Reuters
Attacks in the volatile Pakistani cities of Peshawar and Quetta killed a total of 19 people yesterday, frustrating hopes of a lasting peace deal with insurgents fighting to
topple the government.
In Peshawar, a sprawling city on Pakistan’s border with Afghanistan, a suicide bomber blew himself up in front of a police vehicle, killing at least nine bystanders including a woman and a child, police said.
In Quetta, in the unruly province of Baluchistan, at least 10 people were killed when a motorcycle laden with explosives exploded near a college in the city centre, police said.
The attacks took place as the government of Prime Minister Nawaz Sharif tried to revive a stalled peace process with the Pakistani Taliban militants in order to hammer out a permanent ceasefire agreement and end years of violence.
But a series of attacks and counter-attacks by insurgents and government forces since the start of the year has dampened expectations that peace talks could ever yield any result.
In Peshawar, police chief Faisal Kamran said the target of the attack was an armoured personnel carrier.
“The police were deployed in the armoured personnel carrier to provide security during Friday prayers outside mosques when it came under attack,” he said. “The policemen luckily remained safe but innocent people were killed and injured.”
Jamil Shah, a spokesman for the city’s biggest hospital, said at least 30 were injured.
In Quetta, at least 10 people were killed and 35 wounded when the motorcycle exploded near the college, police said.
An increasingly active Taliban splinter group, Ahrar-ul-Hind, or “Liberators of India” - a name referring to the whole of the subcontinent - claimed responsibility for the attacks.

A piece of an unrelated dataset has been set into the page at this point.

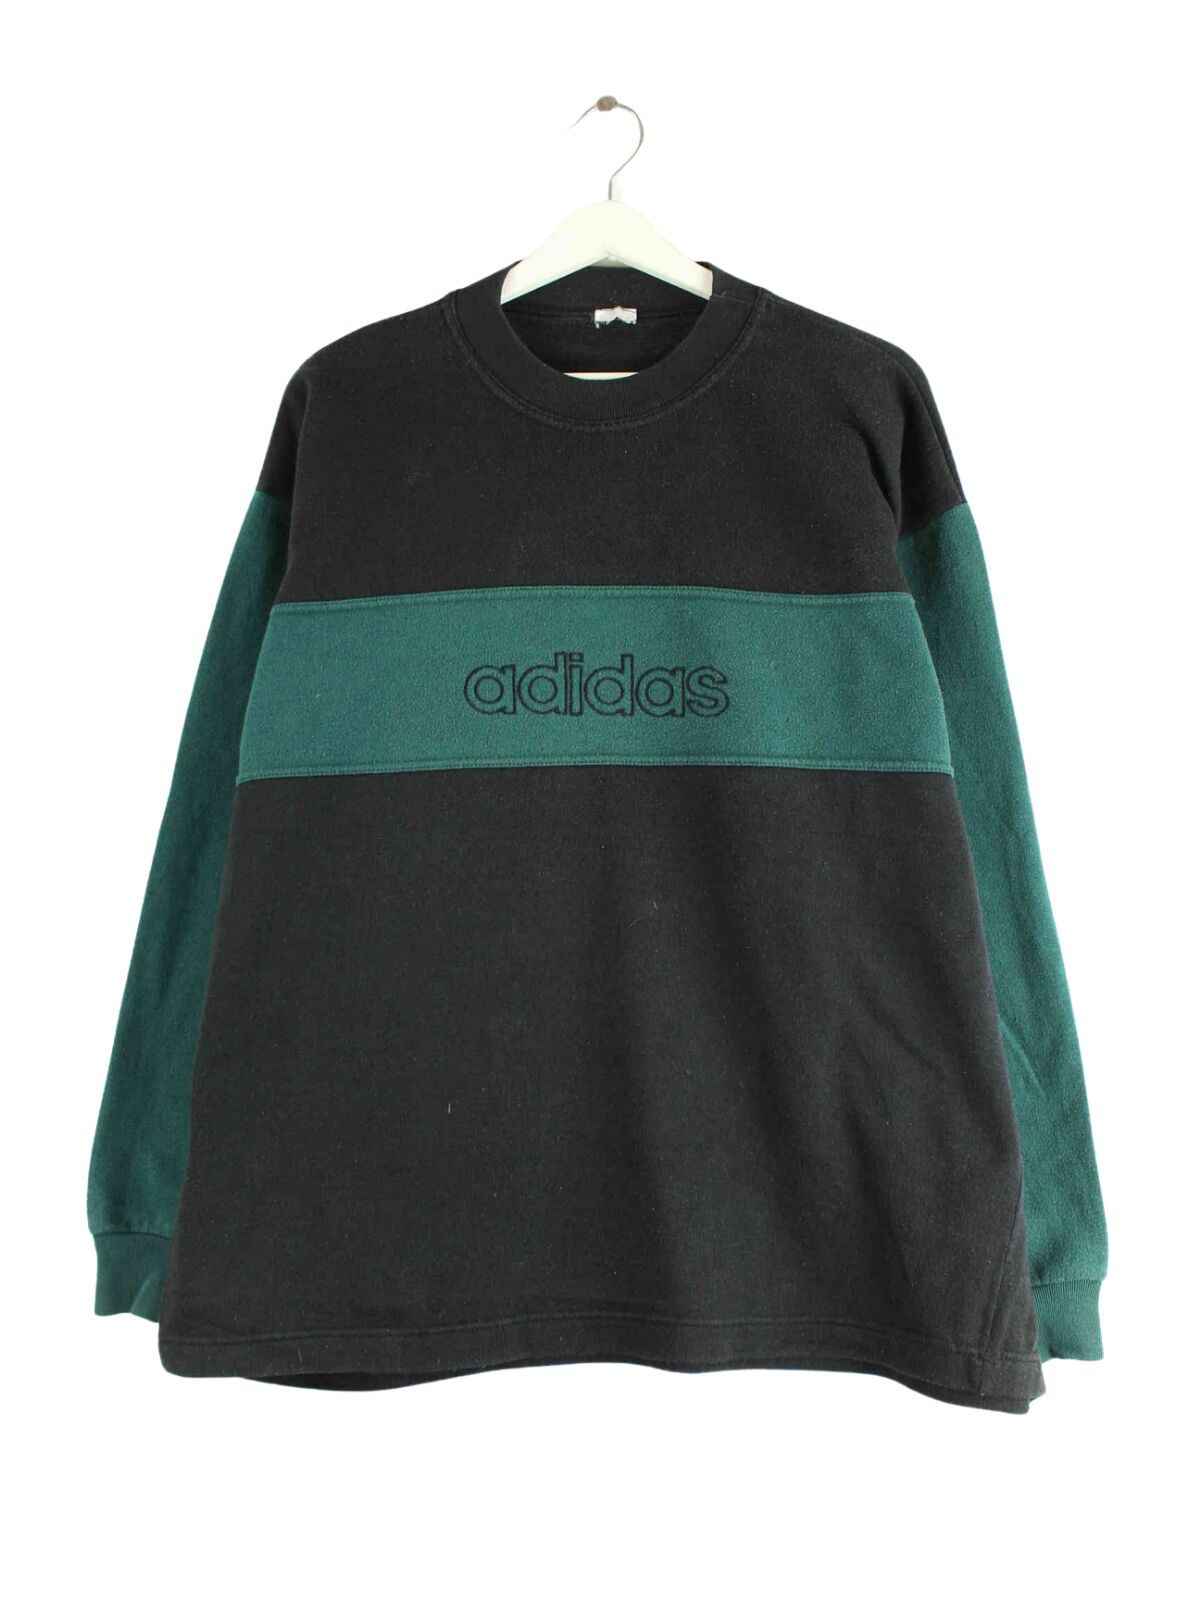 Adidas 90s Vintage Spellout Embroidered Sweater Schwarz M (front image)

“We claim both Peshawar and Quetta attacks,” their chief, Umar Qasmi, said. “We don’t abide by these talks and will continue to stage attacks.”
The Pakistani Taliban, who are separate from the Afghan Taliban, is a fragmented and deeply divided movement of dozens of small groups which do not always agree with each other.
The leadership of the Pakistani Taliban, known as Tehrik-i-Taliban Pakistan (TTP), which is keen on the talks, immediately distanced itself from
yesterday attacks.
“The TTP strongly condemns the Peshawar and Quetta blasts,” said TTP spokesman Shahidullah Shahid. “We have no connection to these attacks because we are observing a ceasefire.”
The TTP’s position has spurred speculation that the central command is not fully in control of the many splinter groups operating under it, and reaching a peace deal with one of them would not stop the
violence.
Ahrar-ul-Hind, which splintered from the Pakistani Taliban just a month ago, had previously claimed responsibility for an attack in central Islamabad earlier this month when suicide bombers and gunmen killed 11 people in a court.
Pakistani investigators believe that Qasmi, the leader of the group, is capable of drawing support from other militant outfits, including several linked to Al Qaeda that have wreaked bloody havoc in the country over the last decade.
Yesterday, members of a Taliban-nominated negotiating team seeking to revive the stalled peace process travelled to the tribal areas in an attempt to bring their leaders to the negotiating table.
“Our meeting with the Taliban shura (council) was very positive,” Mohammad Ibrahim, one of the committee members, said. “They agreed to meet with the government committee and present their demands before them.”